We were led away from the men to be prepared and to meditate, each touch was to be as a reference point to our own body. I suddenly became quite activated by my inner child in this exercise and didn’t want to touch any genitals. At first, I made excuses in my head that it would upset my partner, so then I went to ask if he was ok with this (fully expecting him to say no) and he gave full permission which unsettled me even more.
Somewhere in my child psyche I was not ok with the phallus. Pause for reflection... Getting ok with not being ok.
The following day we moved to the feminine, and began by clearing maternal mother issues in order to access the energy of the divine mother. The evening temple ceremony was about women penetrating men in an energetic polarity reversal. The masculine energy in me was so angry, and I was quite worried I might harm my partner. I wanted to. There was some kind of angry revenge energy that wanted to rape and cause pain (nothing to do with the individual in front of me, but old suppressed anger from early trauma surfacing here).
I felt not only my own but the collective pain of women past, perhaps even that of the suppressed local women and the fight back, I’m not certain, but it felt bigger than just me. I’m reminded of the #metoo movement, and I’m reminded of the yogic teachings that revenge is another way to self harm. Feeling the energy, seeing it, acknowledging it, and sharing it to the group allowed it to move and pass without harm.

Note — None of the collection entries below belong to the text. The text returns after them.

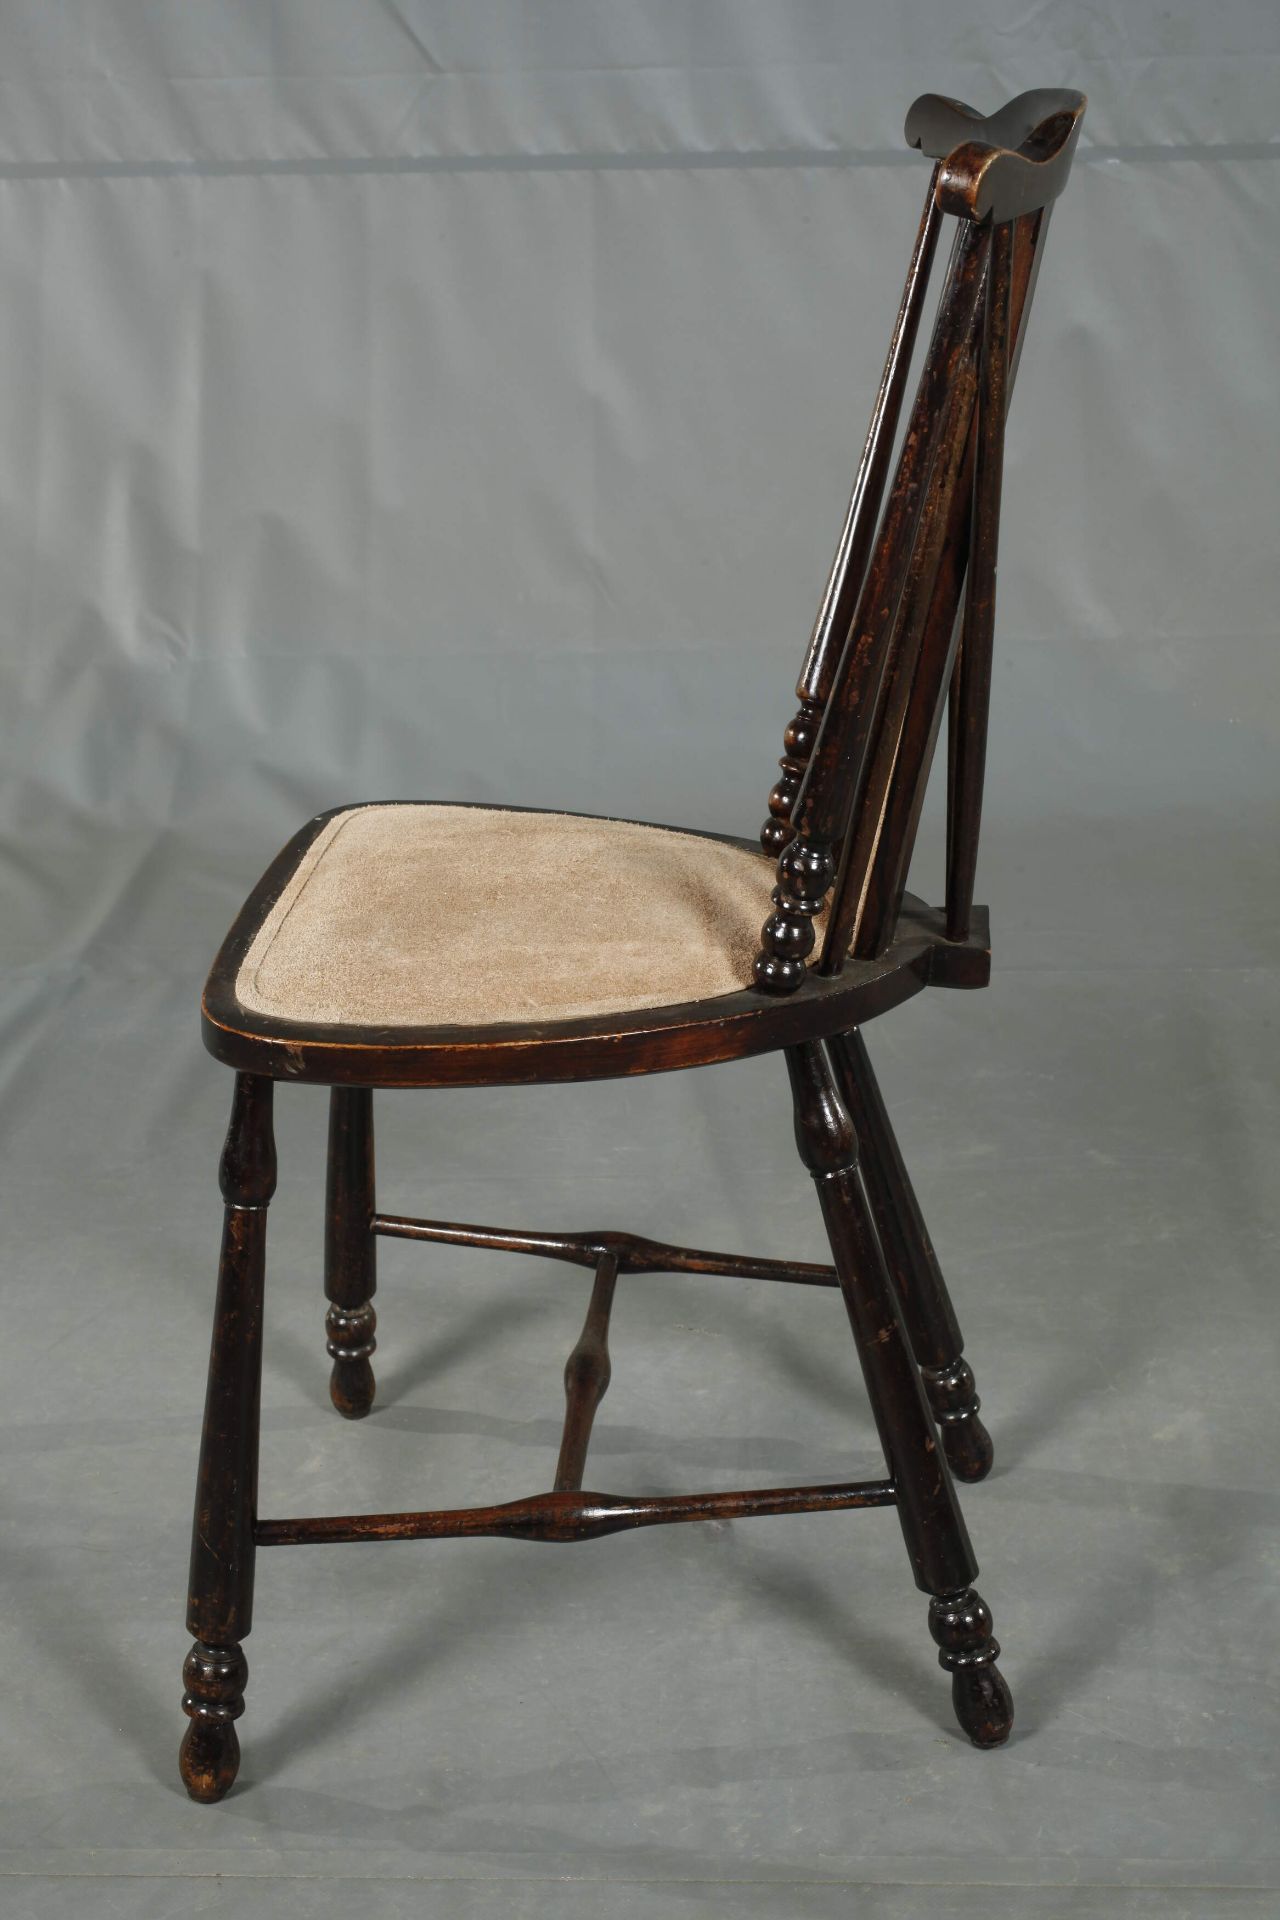 Fan-Back Windsor Chair - Image 5 of 6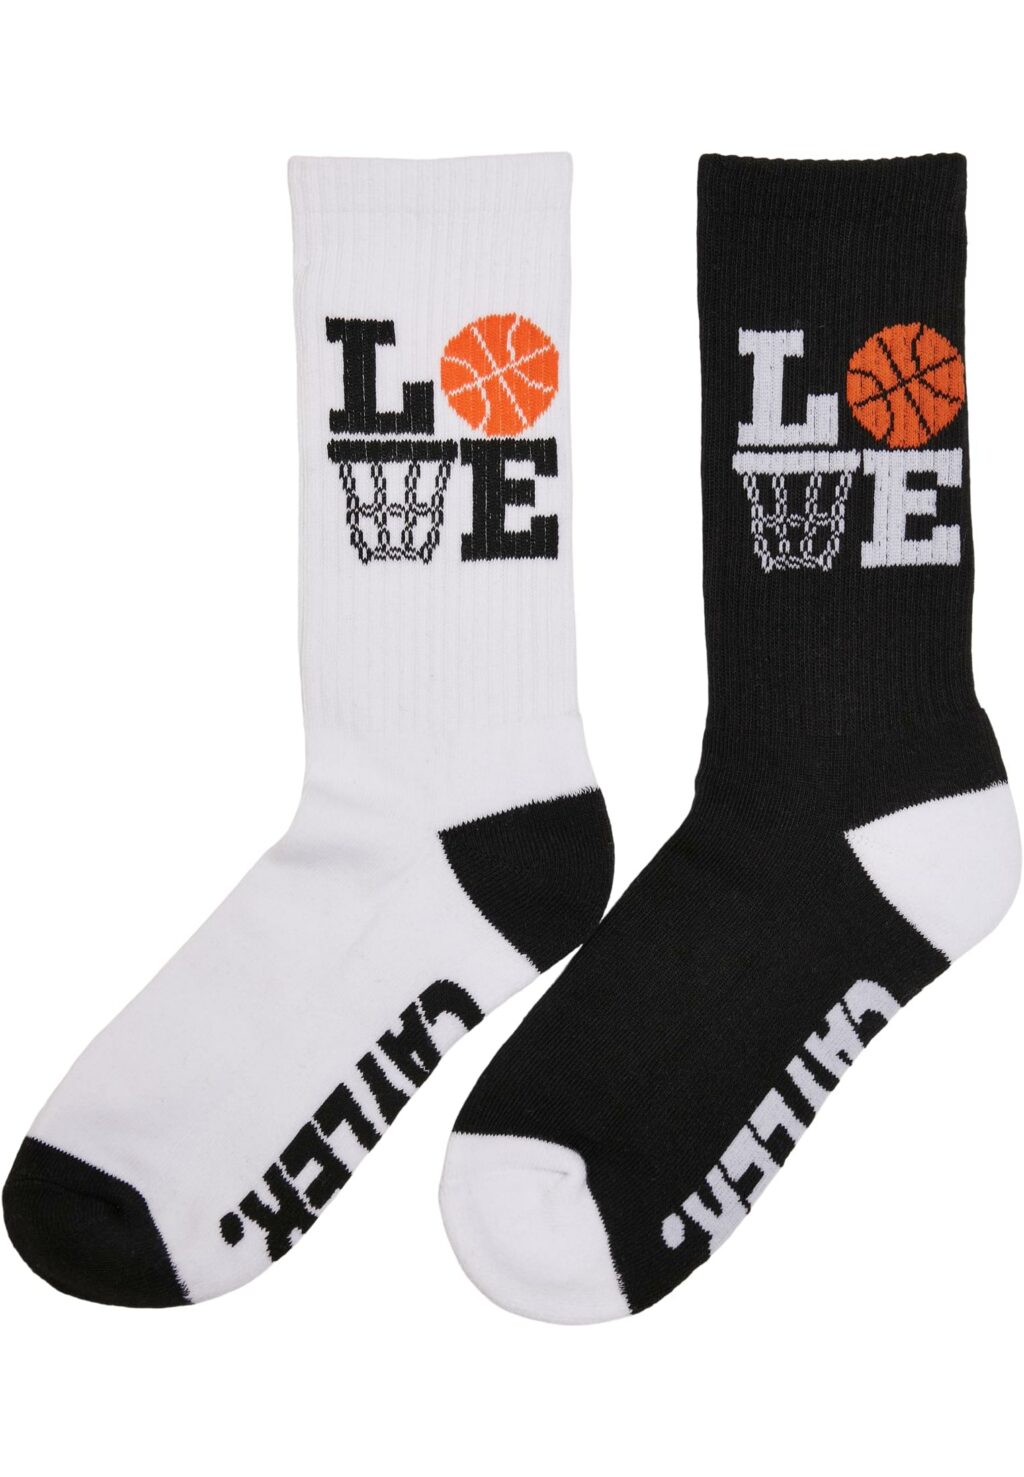 Love Ballin Socks 2-Pack black/white CS2995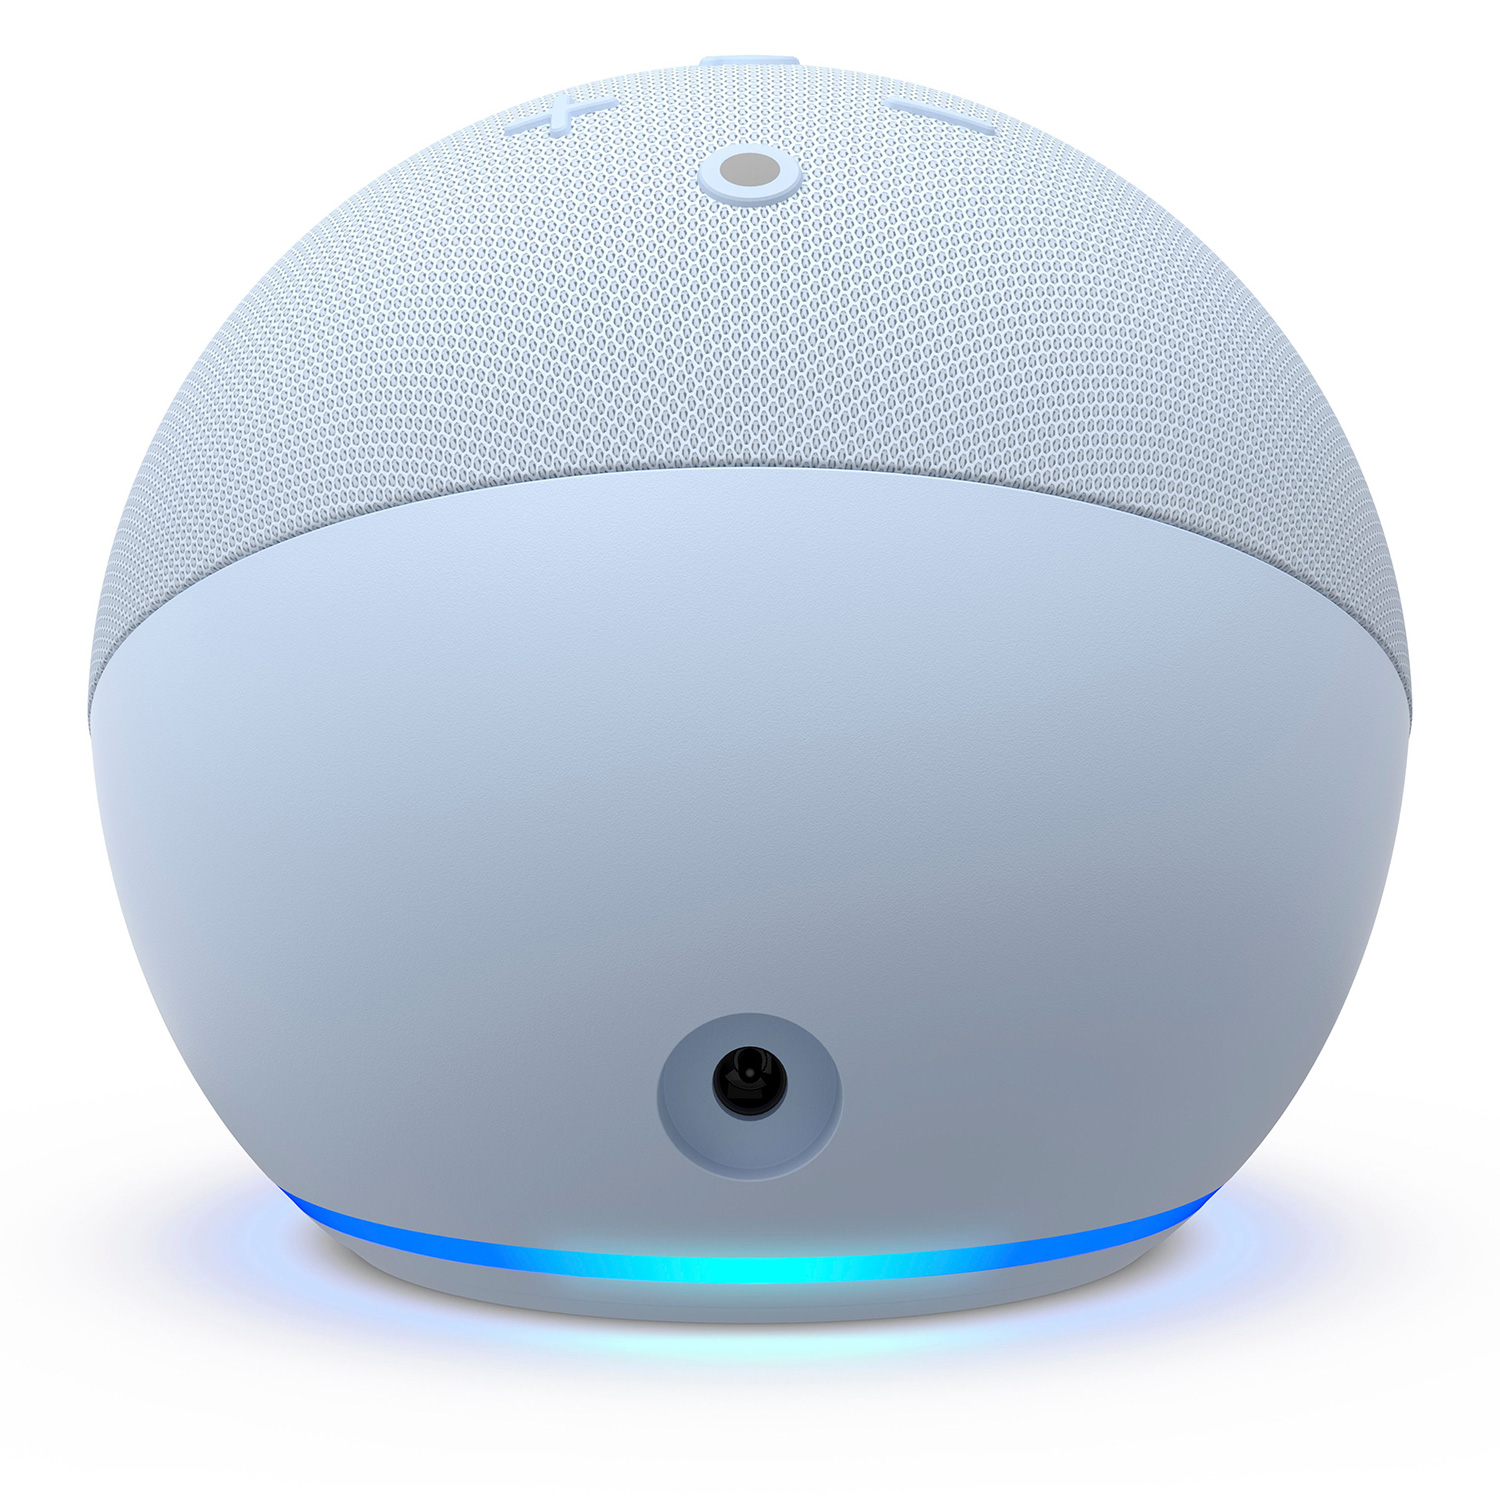 Amazon Echo Dot Alexa 5ª Geração With Clock - Azul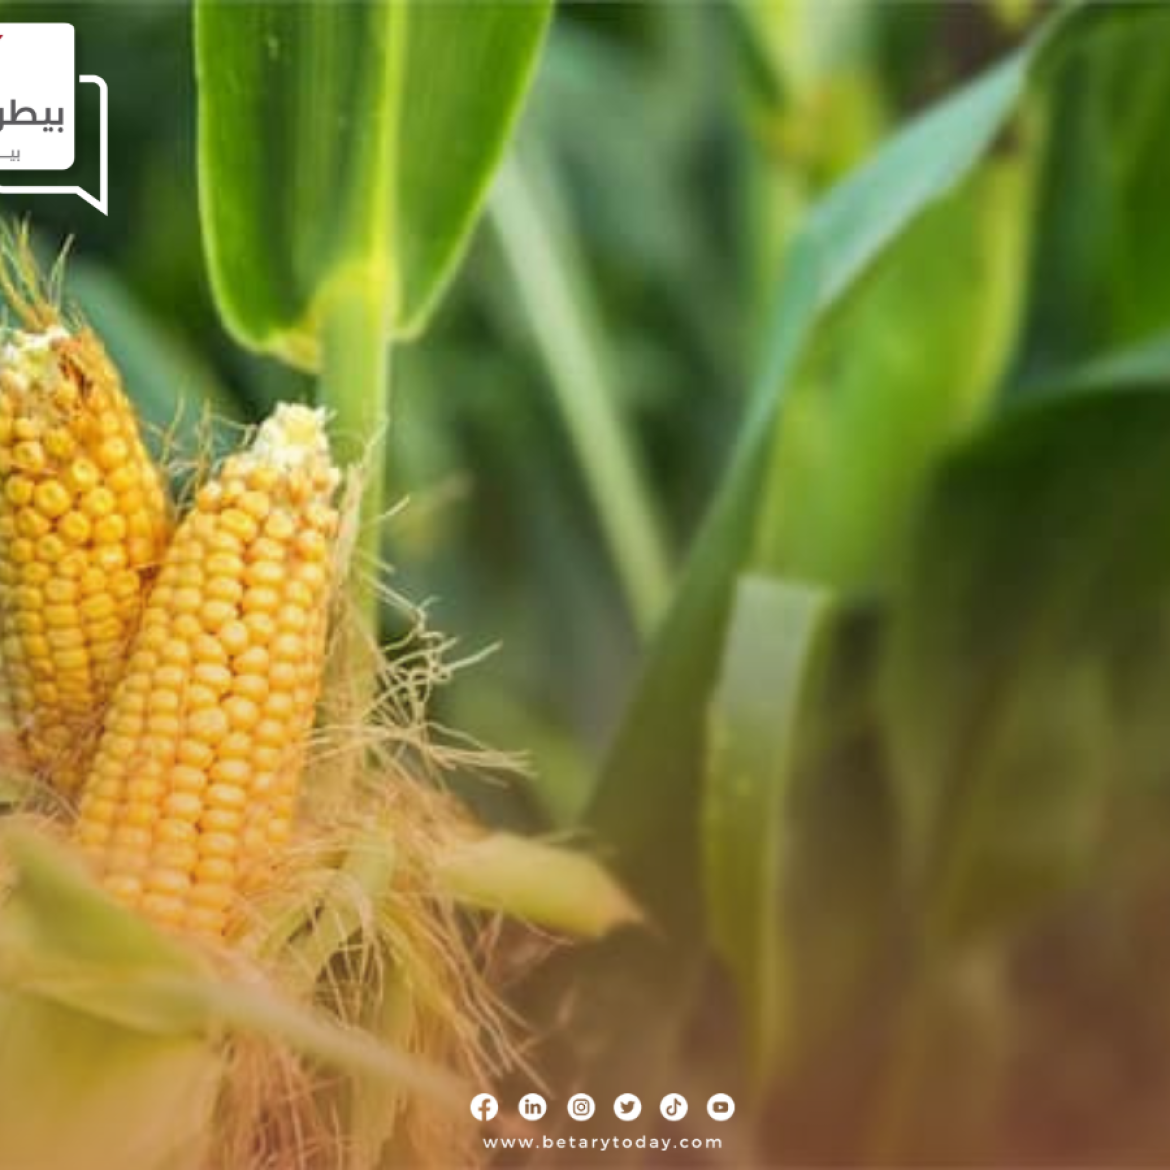 الوزارة تصدر 3 توصيات هامة لمزارعي الذرة الصفراء في شهر يوليو

The next day we had to ‘date’ and have ‘pre-date’ conversations about intentions,
boundaries, desires and sexual history. This was a crazy trigger for me… for some reason I felt like the kid on sports day, stressed about not being picked… I found myself running around, worried about not completing the ‘homework’ or having the awkward conversations… finally I checked in with myself, relaxed and reminded myself that it's not a competition, nor do I need to people please, but that I can actually sit back and make decisions based on my own desires.
Unfortunately, or perhaps timely, I started to get unwell near the end of the week,
Egyptian belly made the peak of the week a little less heroic. Not wanting to miss
anything, I participated in the male sacred spot ritual, an incredible delve into
activating the orgasmic energy which was the most rewarding ceremony of the
week for me. I felt a new widening of the pathway unlock from my heart up
through the channel of throat and into the crown chakra. My jaw released and
tension dissolved. A deeply moving and connecting experience that made my
partner and I hold each other in a state of intimate connection for hours.
By the last day I felt so unwell, I could barely see or feel anything subtle. Whilst I
participated in the female sacred spot ritual, I was quite numb and out of body. In
hindsight I should have remained in bed, but FOMO pushed me forward.
In summary, the week reconnected me with heart energy, cleared some old
trauma around sexuality, showed me the difference between immature masculine
and feminine energy and the divine masculine and feminine. But mostly, it showed
me how communication and clear healthy boundaries deepen relationships.
Certainly not a subtle week, it was a ‘rip off the band-aid’ approach to break open
any blocks or dams and get the energy flowing to an awakened body mind. If you
feel brave and compelled, or even slightly curious but fearful…. Go for it!